The pyramid begins its downward slope in stage four, the catastrophe. The catastrophe is that single moment of revelation when all the pieces fall into place. It is often caused by the discovery of certain information or event that has been unknown to most of the characters up to that instant. During the final stage, the resolution, conflicts are resolved, lives are straightened out or ended, and loose ends are tired up.

However, most plays do not perfectly follow this five-stage structure. The pattern is merely a model to explain plot.

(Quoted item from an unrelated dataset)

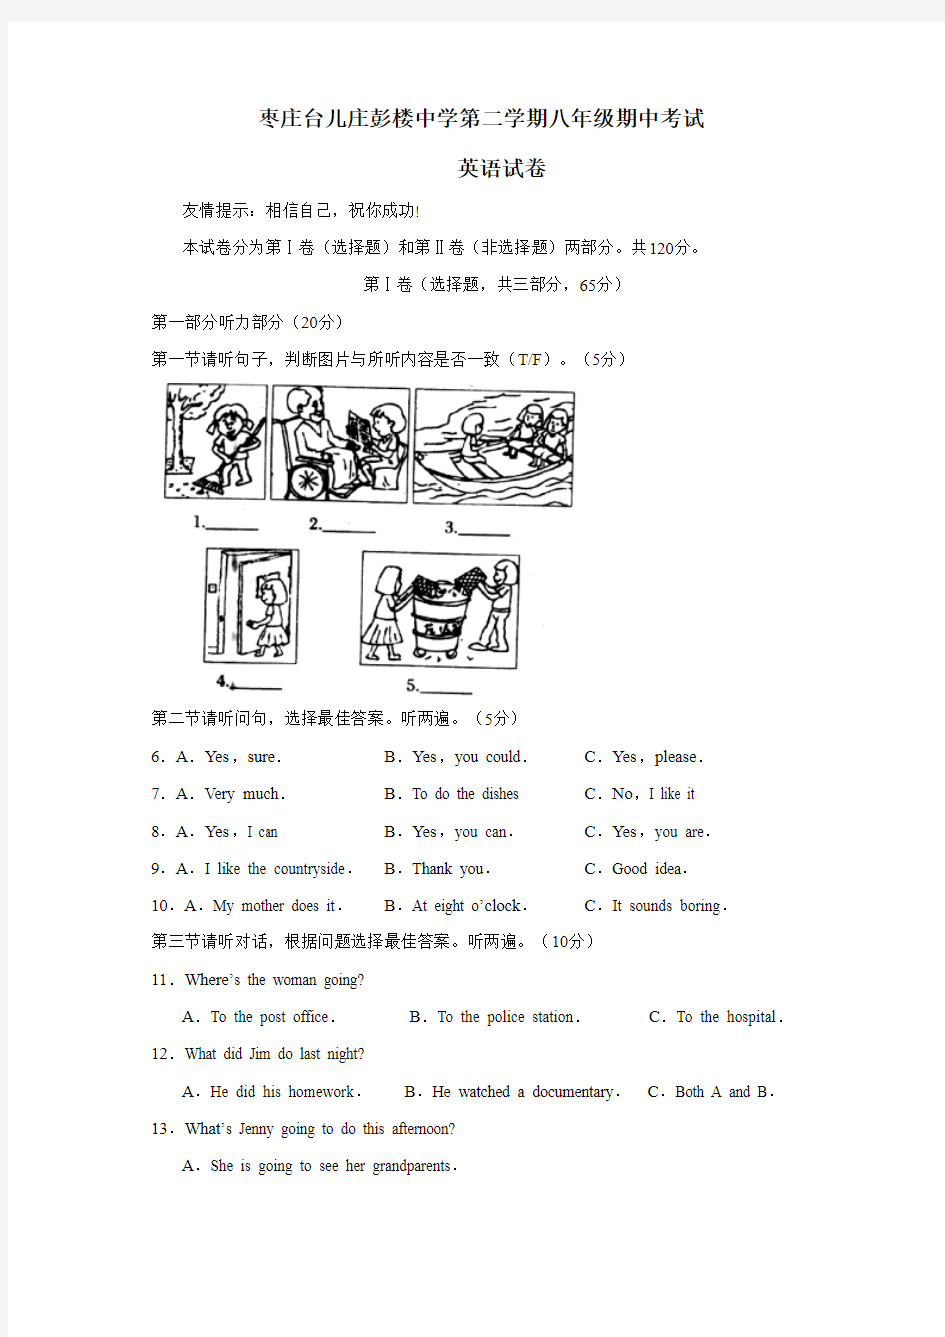 枣庄台儿庄彭楼中学第二学期八年级期中考试英语试卷及答案

Plays that are written in a pyramidal pattern divide the plot into three essential parts. The first part is the rising action, in which complication creates some sort of conflict for the protagonist. The second part is the climax, the moment of greatest emotional tension in a narrative, usually marking a turning point in the plot at which the rising action reverses to become the falling action. The third part, the falling action (or resolution) is characterized by diminishing tensions and the resolution of the plot’s conflicts and complications.

A character in a play is a person created by a playwright to carry the action, language, ideas and emotions of the play. Characters can be static and dynamic. We can also find protagonists and antagonists. The major difference between the characters in prose fiction and characters in drama is found in the way they are unfolded. Playwrights do not have the fiction writer’s freedom to tell us directly about a character. We learn about characters in plays by paying attention to their words and actions, by listening to what other characters say about them, and h-watching what other characters do to them. Finally, however, we arrive at our own judgment or understanding of characters; the playwright will almost never do this for us.

Point of view in drama is strikingly different from the comparable element in prose fiction or poetry. Since plays almost never have narrators, there is no way to create a perspective that is specifically first-person-protagonist or third-person-omniscient. Instead, playwrights usually employ the dramatic point of view in which we receive only the information communicated by the characters. The key to the dramatic point of view is that the playwright gives us the objective raw materials—the action and the words— but does not overtly guide us toward any conclusions. Naturally, we draw conclusions from the details presented in the play.

Within these limits playwrights do have techniques to lead an audience to see from a specific character's perspective. The authors often introduce monologues spoken by the character to reveal his thoughts. Another commonly used device is the soliloquy (наедине) in which the hero or villain reveals his her thoughts directly to the audience. Soliloquies were common techniques for revealing the thoughts and emotions of characters in sixteenth- and seventeenth-century plays. In the twentieth century they have again become an important element in experimental and nonrealistic drama. Another device, called an aside (в сторону), allows a character to address brief remarks to the audience, the reader, or another character which the other characters on stage are unable to hear.

Setting, Sets, and Scenery

Setting in drama serves to place the action in a specific time and place and to help create the appropriate mood. In the text of a play, the setting is described in words, usually in the opening stage direction. In a production, however, the setting is brought to life through lighting, props, and scenery. Like characters, setting (or set) may be realistic or nonrealistic. Realistic settings require extensive scenery and stage furniture; the idea is to create as real an environment as possible. Nonrealistic settings are symbolic or representational; they are often pro­duced by unit sets—a single series of platforms, stairs, and playing areas that serve for all the scenery and the settings of the play.

Playwrights also use settings to convey information about the charac­ters and the world of the play.